* Work item:
Transcribe, exactly and without pictures, the lines below from the line with "Jason Momoa Quote" to the line with "Beige Skull Riveted", both ends included, and no others.

* Material for this exercise:
<<<<

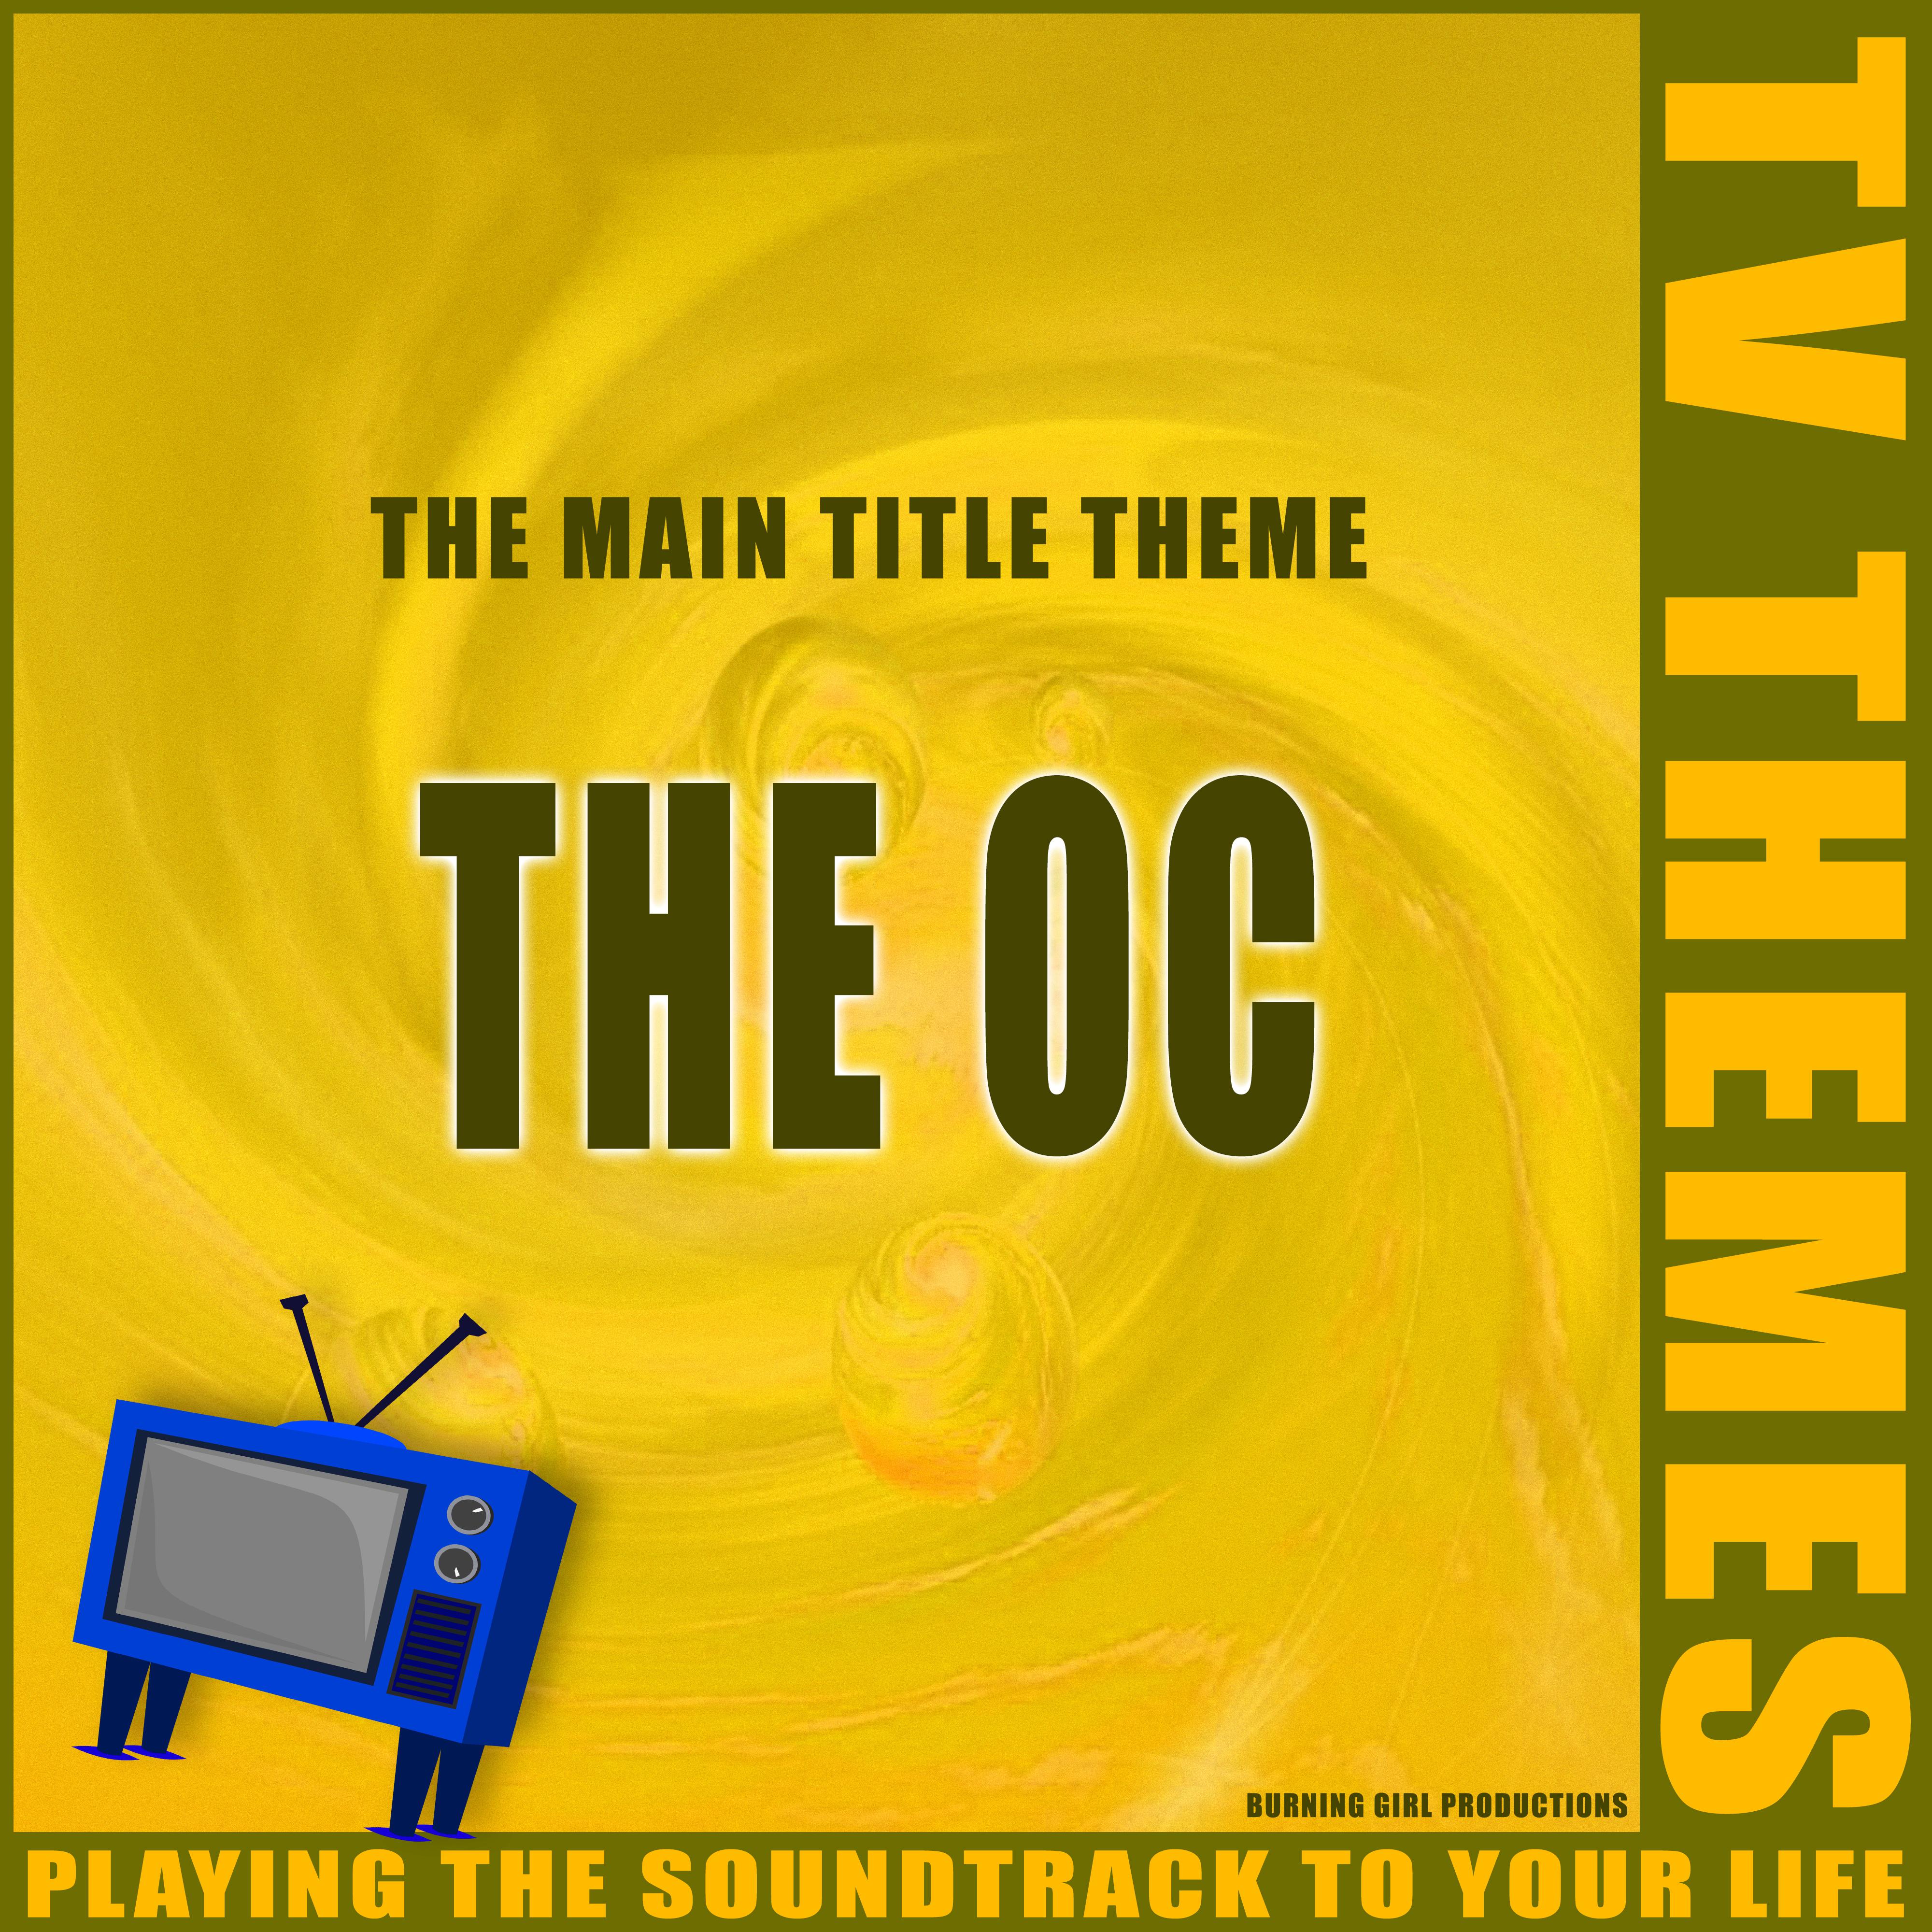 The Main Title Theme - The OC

>>>>
<<<<

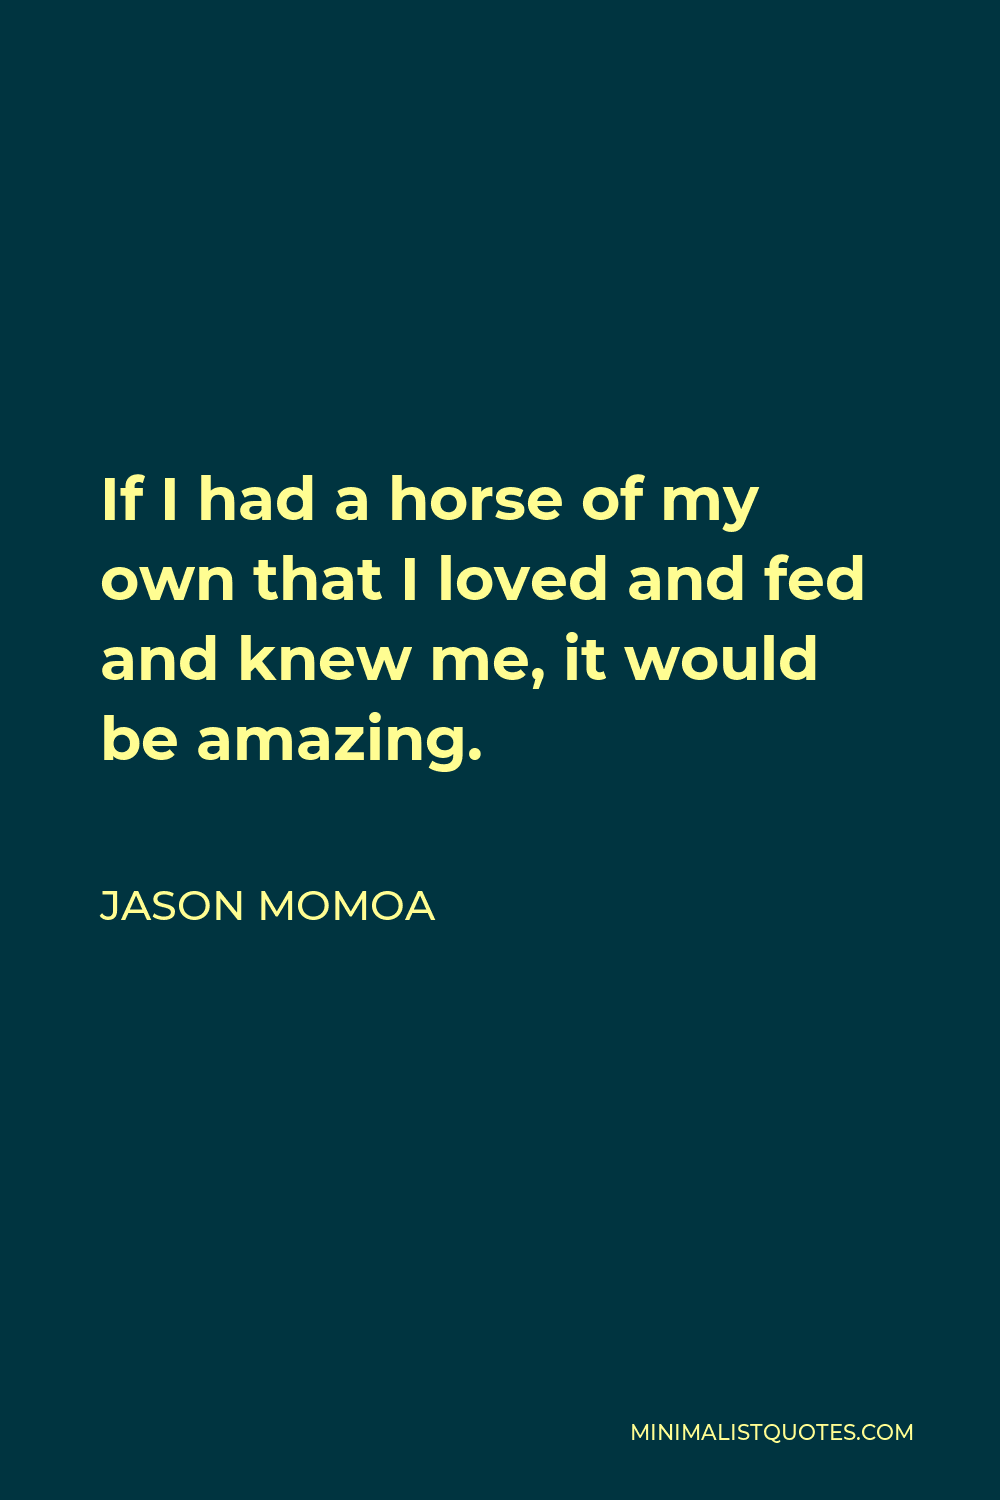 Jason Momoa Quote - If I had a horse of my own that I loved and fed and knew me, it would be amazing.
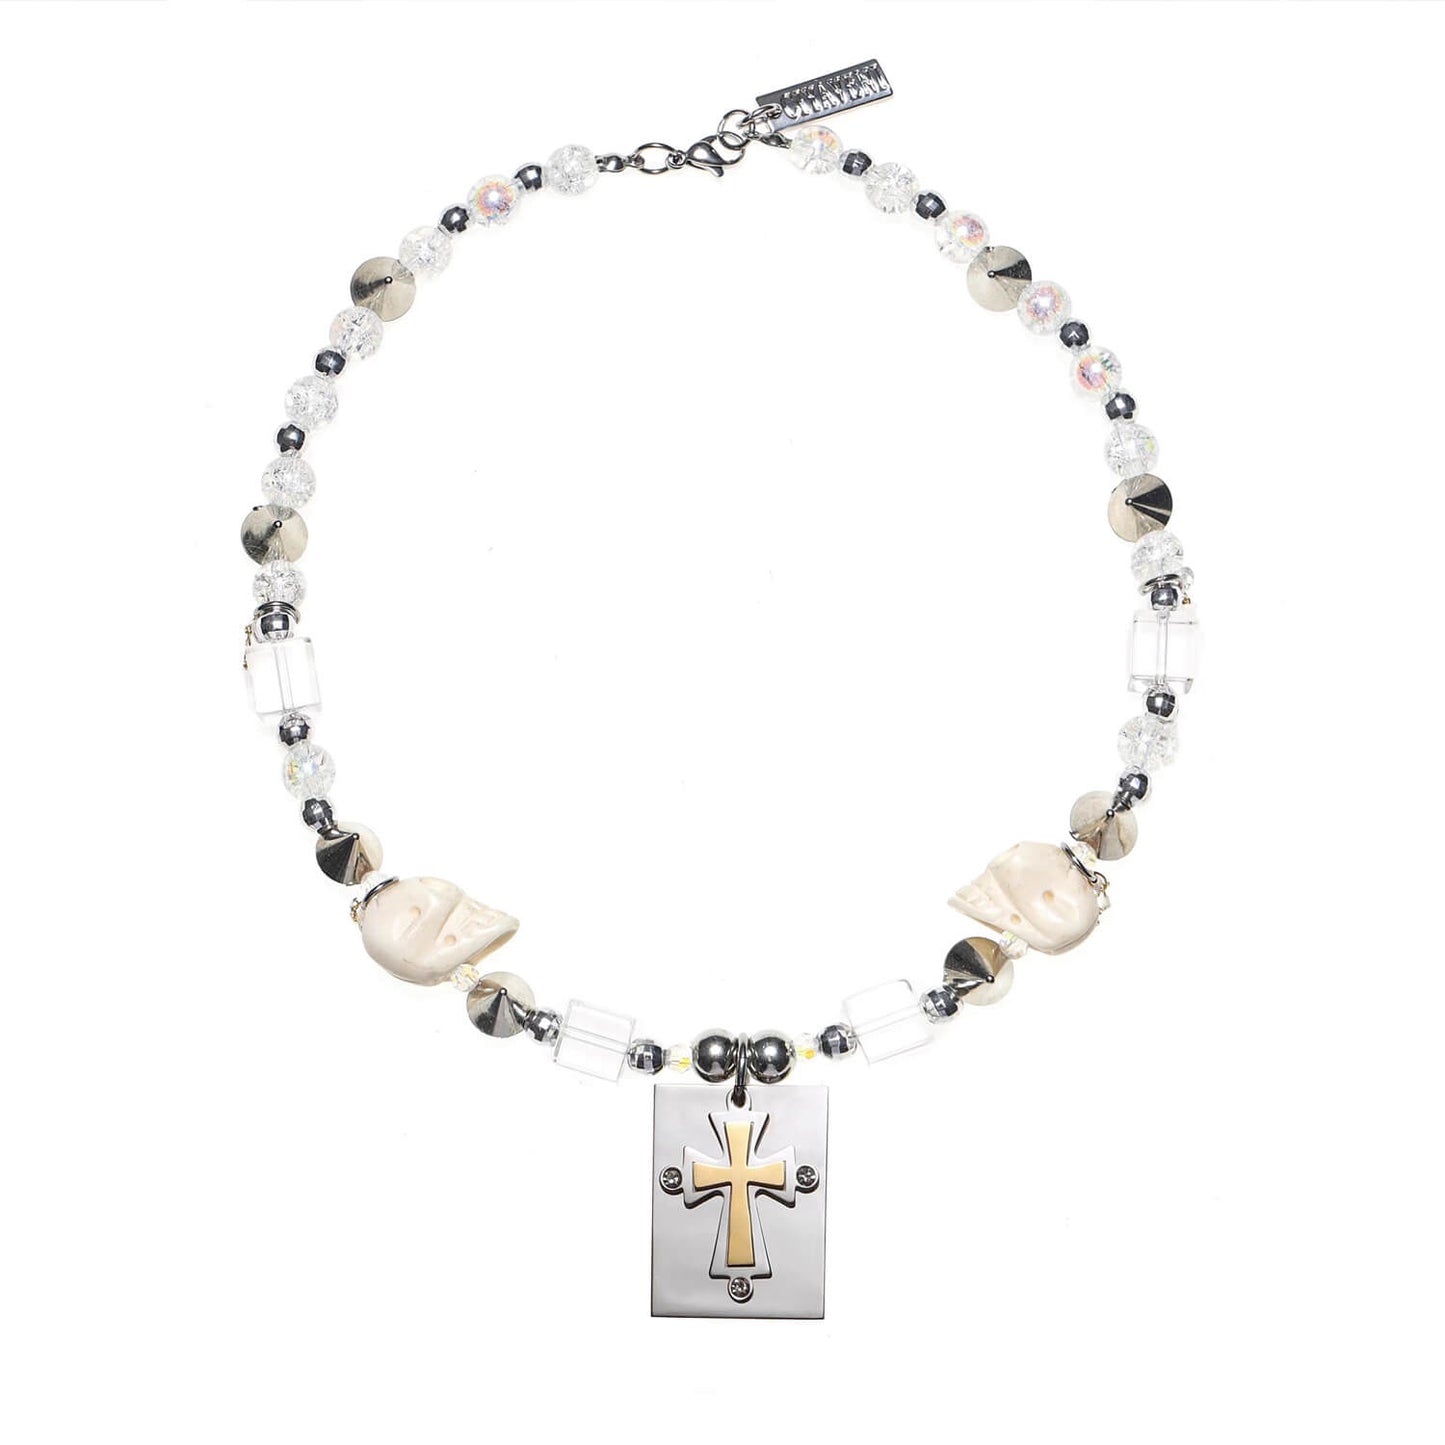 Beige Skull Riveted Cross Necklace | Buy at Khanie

>>>>

* Solution:
 Jason Momoa Quote - If I had a horse of my own that I loved and fed and knew me, it would be amazing.
 Beige Skull Riveted Cross Necklace | Buy at Khanie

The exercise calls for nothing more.